:: Recorded information ::

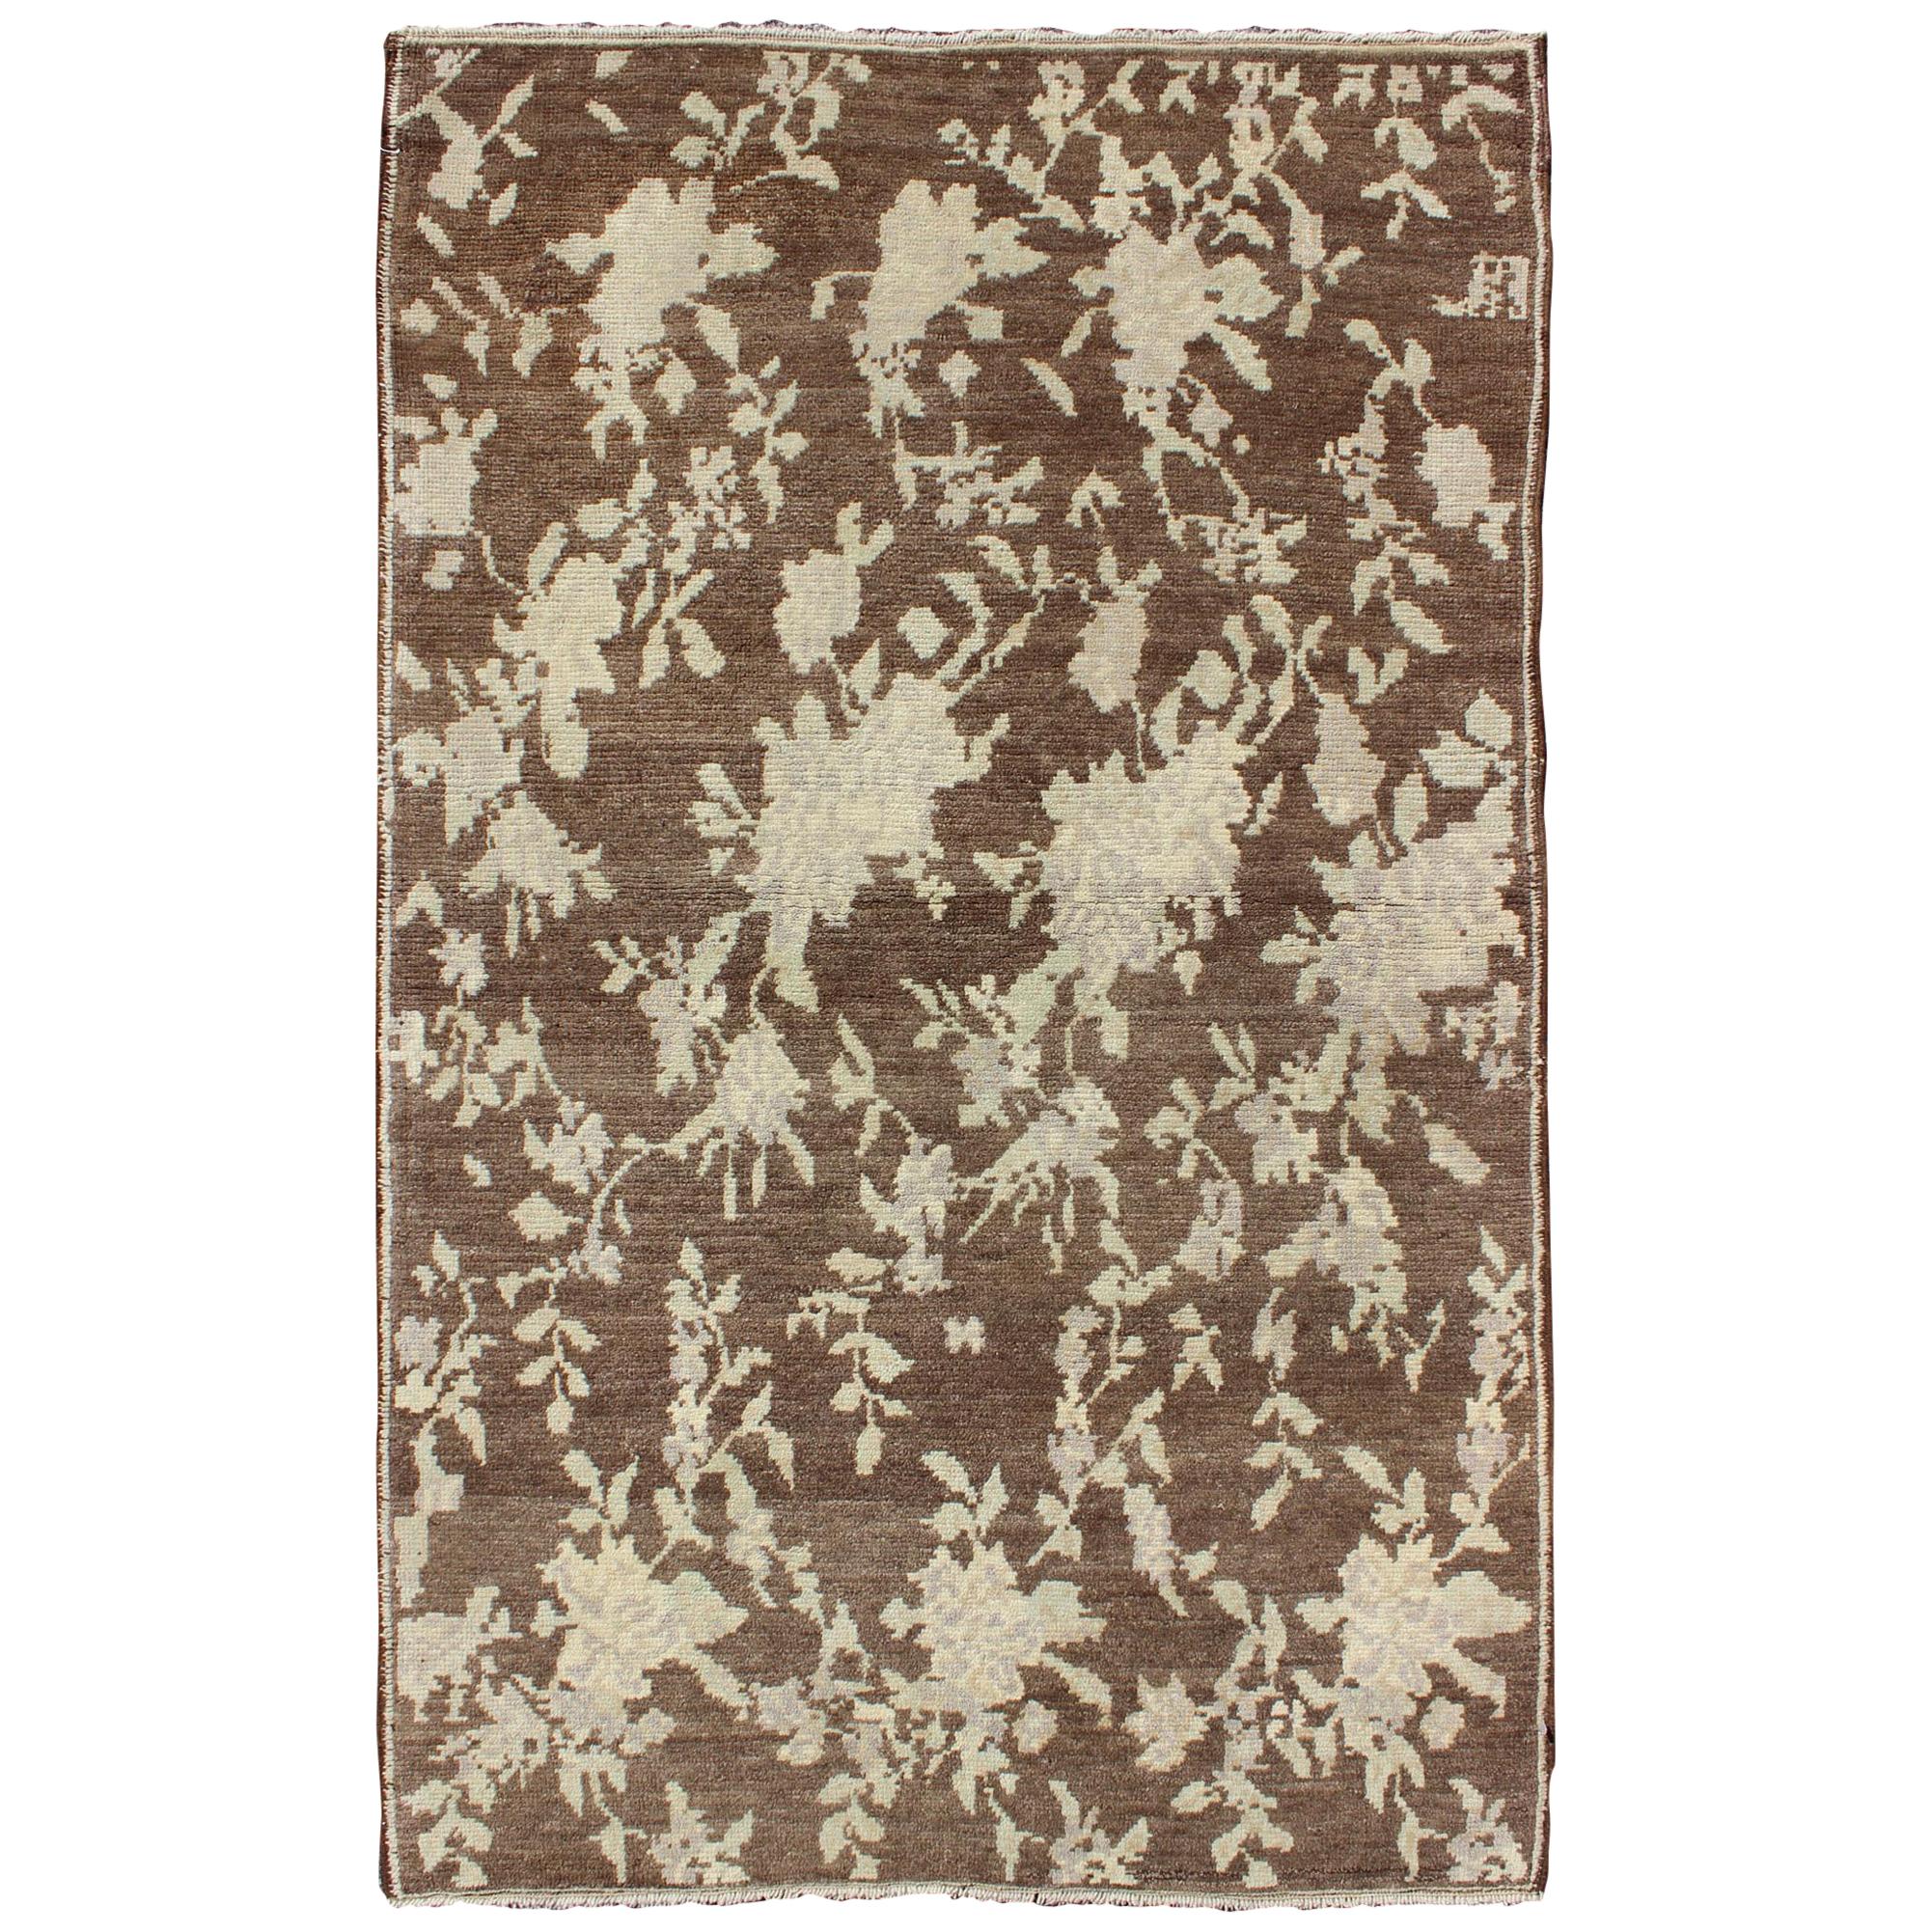 Mocha Vintage Turkish Oushak Rug with Free-Flowing Green & Cream Flower Blossoms
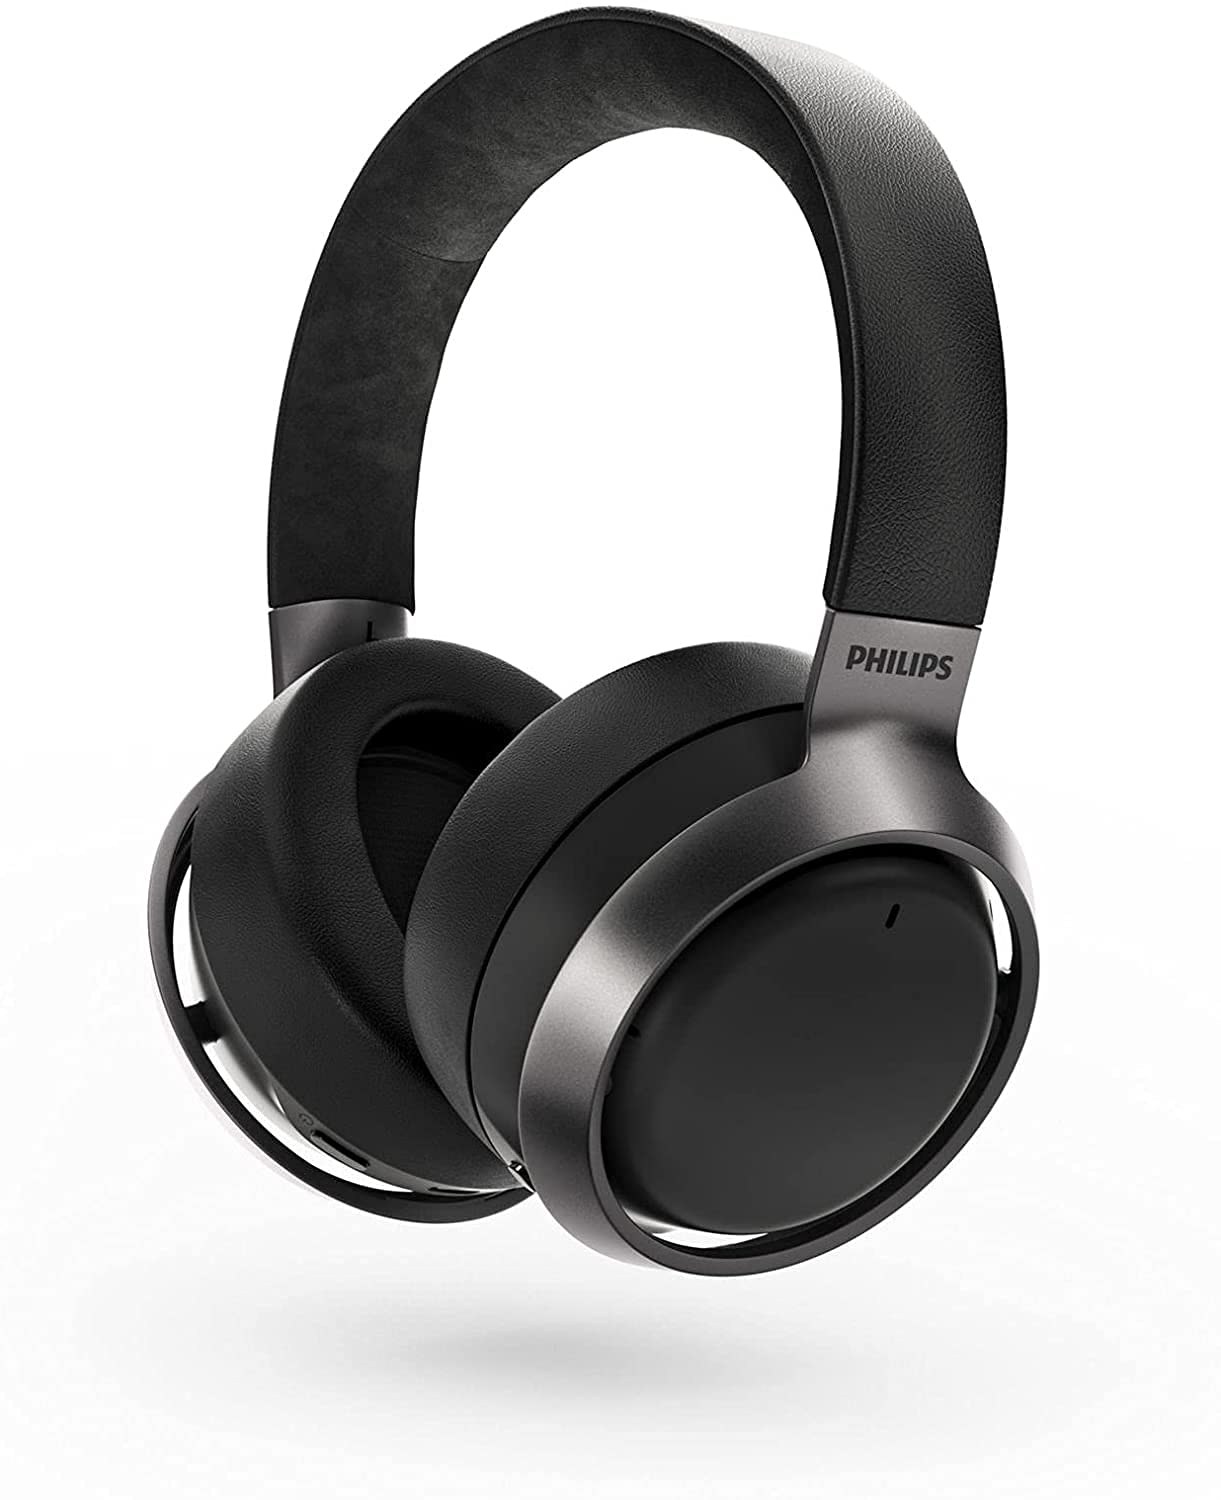 Philips Audio Philips Fidelio L3 Flagship Over-Ear Wireless Headphones with Active Noise Cancellation Pro+ (ANC) and Bluetooth Multipoint Connection
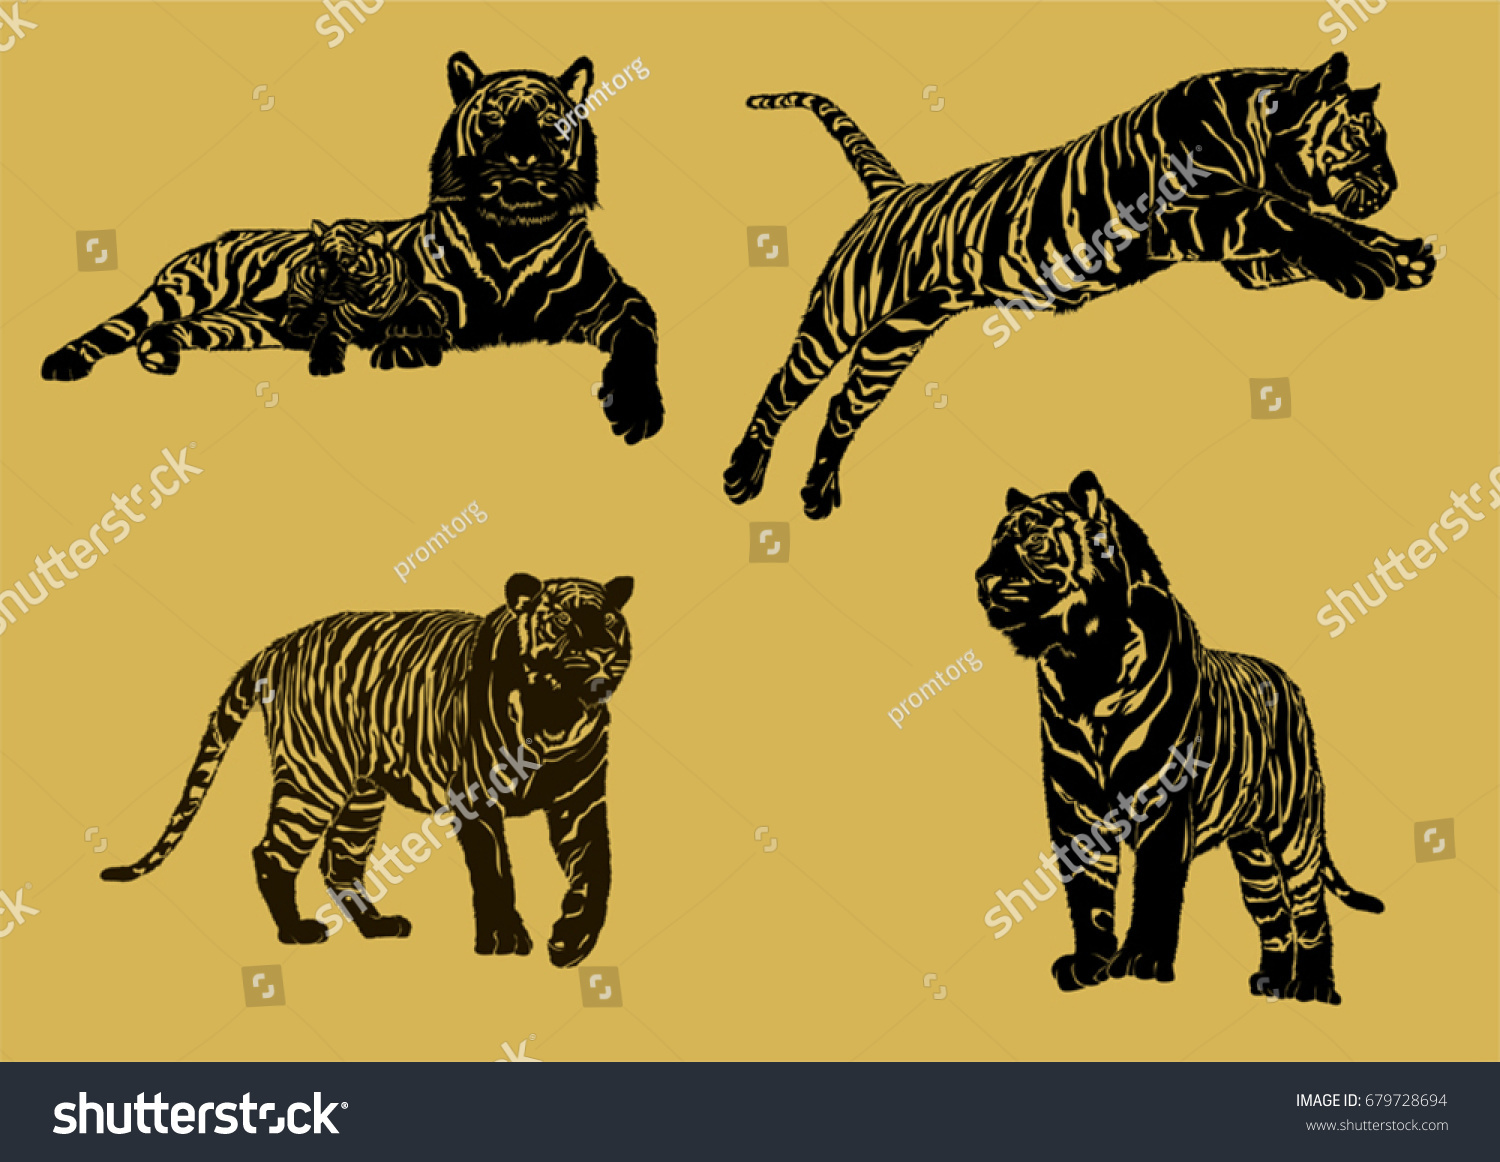 Tiger Silhouette Stock Vector Royalty Free 679728694 Shutterstock

:: What to do ::
The expected output is the material above, repeated exactly and free of pictures.

:: Your solution ::
 Mocha Vintage Turkish Oushak Rug with Free-Flowing Green & Cream Flower Blossoms
 Philips Audio Philips Fidelio L3 Flagship Over-Ear Wireless Headphones with Active Noise Cancellation Pro+ (ANC) and Bluetooth Multipoint Connection
 Tiger Silhouette Stock Vector Royalty Free 679728694 Shutterstock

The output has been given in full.